Un pavé dans le « marc » ! Le nouveau géant du café s’appellera Jacobs Douwe Egberts. Né de la fusion de l’américain Mondelez et du néerlandais D. E. Master Blenders, le nouveau groupe, basé aux Pays-Bas, pèsera plus de 5 milliards d’euros de chiffre d’affaires annuel. Mondelez recevra 3,58 milliards d’euros et 49% des parts de la nouvelle société. De son côté, AHBV, le propriétaire de D.E. Master Blenders 1753, aura la majorité des parts, ainsi que celle des sièges au conseil d’administration. La transaction devrait être conclue au cours de l’année 2015. D’ici là, elle devra encore obtenir le feu vert des différentes autorités de régulation, alors même que les deux entreprises se partagent le leadership dans une douzaine de marchés, dont la France.

Dans la corbeille, Mondelez – issu de la scission du géant Kraft Foods, et qui réalise 17% de son chiffre d’affaires total sur le café – apporte Carte noire, la première marque de café dans l’Hexagone, mais aussi Café Grand-Mère, Jacques Vabre, Tassimo, Jacobs, Gevalia, Kenco et Millicano. L’ensemble a enregistré, en 2013, un chiffre d’affaires d’environ 3,9 milliards de dollars. Le propriétaire de LU, de Cadbury, de Belvita, d’Oréo ou de Milka ou de Philadelphia conservant sa totale autonomie pour toutes ses autres activités. De son côté, le néerlandais D.E. Master Blenders 1753 affichait environ 3,4 milliards de dollars de ventes avec plusieurs marques de café telles que la néerlandaise Douwe Egberts, Maison du Café, L’Or, Senseo et Pilao, et la marque de thé Pickwick.

« La logique du marché »

Pour Jean-Pierre Blanc, directeur général des cafés Malongo, la nouvelle n’est pas si surprenante. « C’est la logique du marché qui engendre cette volonté de fusion. Il s’agit pour les grands groupes d’augmenter leur poids de négociation vis-à-vis de la distribution et des circuits d’approvisionnement et de rationaliser les circuits de production. » Une mauvaise nouvelle pour la grande distribution et sans doute pour Nestlé, qui voit grandir devant lui l’ombre de plus en plus menaçante d’un redoutable concurrent. Le président de Malongo y voit, lui, une opportunité pour gagner plus de place dans un linéaire encombré. « Les distributeurs doivent rééquilibrer un peu le système s’ils ne veulent pas être face à un seul interlocuteur qui leur imposera ses conditions. C’est un signal d’alarme. »

Une mauvaise nouvelle aussi pour une partie des salariés de Mondelez, qui a annoncé, en parallèle, un plan de restructuration qui doit lui permettre d’économiser 3,5 milliards de dollars d’ici à 2018, via notamment des réductions d’effectifs que le groupe ne chiffre pas. « Les mesures stratégiques de réductions de coûts que nous annonçons aujourd’hui soulignent notre volonté de devenir un groupe plus leste, vif et un mastodonte mondial des snacks », a déclaré la PDG, Irene Rosenfeld, dans le communiqué.

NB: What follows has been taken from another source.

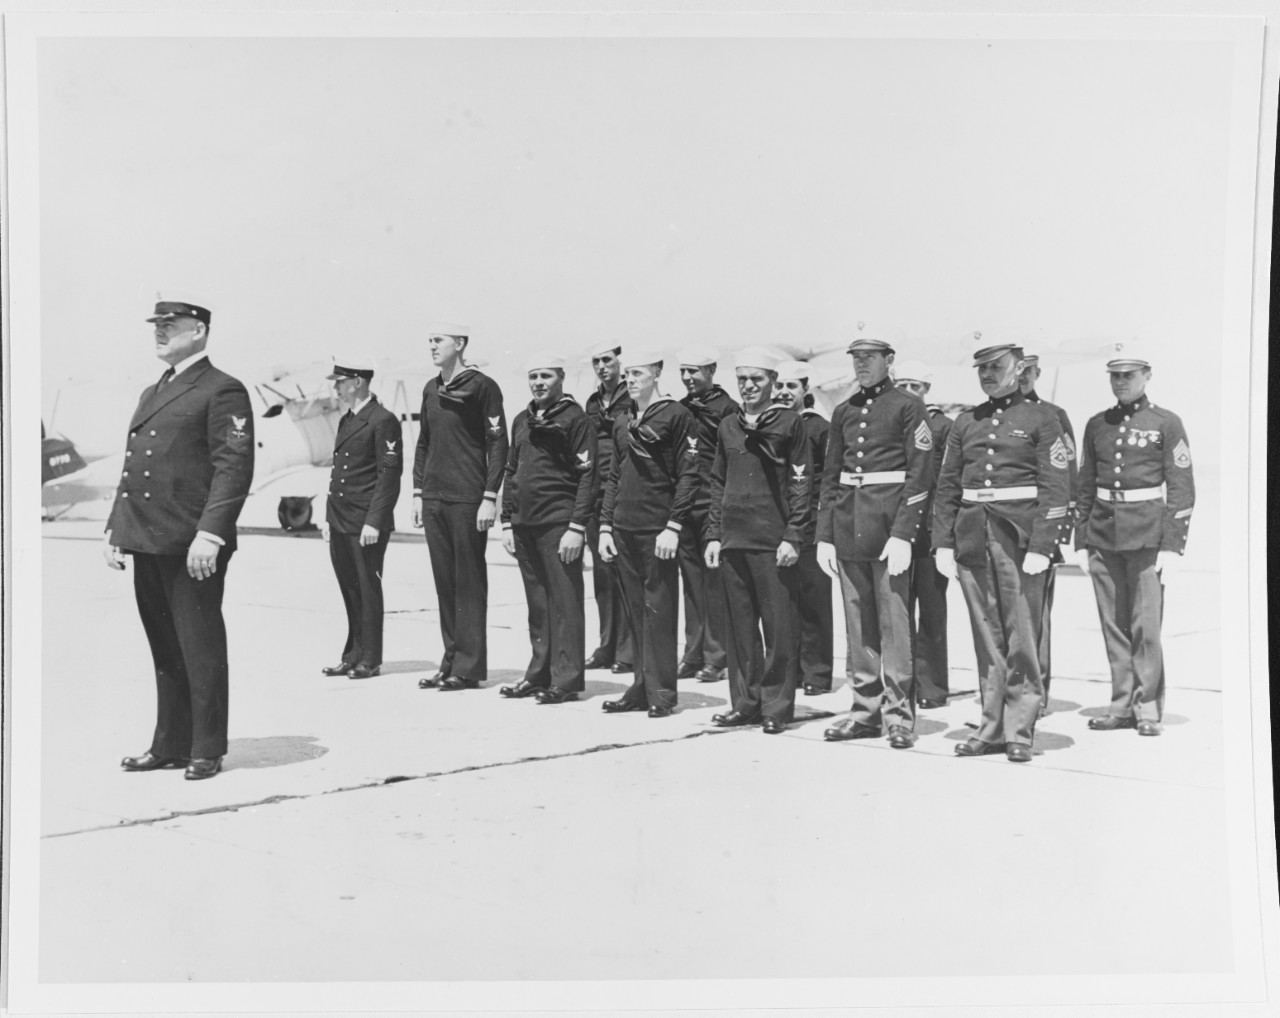 The regular navy station keepers at the Naval Reserve Air Base at Floyd Bennett Field, New York.

Des synergies attendues à l’échelle mondiale

  • Une force accrue dans les négociations avec la distribution. 
  • Un poids renforcé pour négocier avec les producteurs.
  • La rationalisation des circuits de production.
  • De meilleures conditions tarifaires en matière de communication publicitaire.
  • Une nouvelle dimension face à Nestlé.

L’alliance de deux mastodontes

DEMB pèse 2,5 Mrds € de CA et rassemble plusieurs marques de café (Maison du Café, L’Or, Senseo et Pilao, et la marque de thé Pickwick).

Mondelez réalise 17% de son chiffre d’affaires total sur le café, soit 2,9 Mrds €, et possède Carte noire, Jacobs, Gevalia, Kenco, Tassimo et Millicano.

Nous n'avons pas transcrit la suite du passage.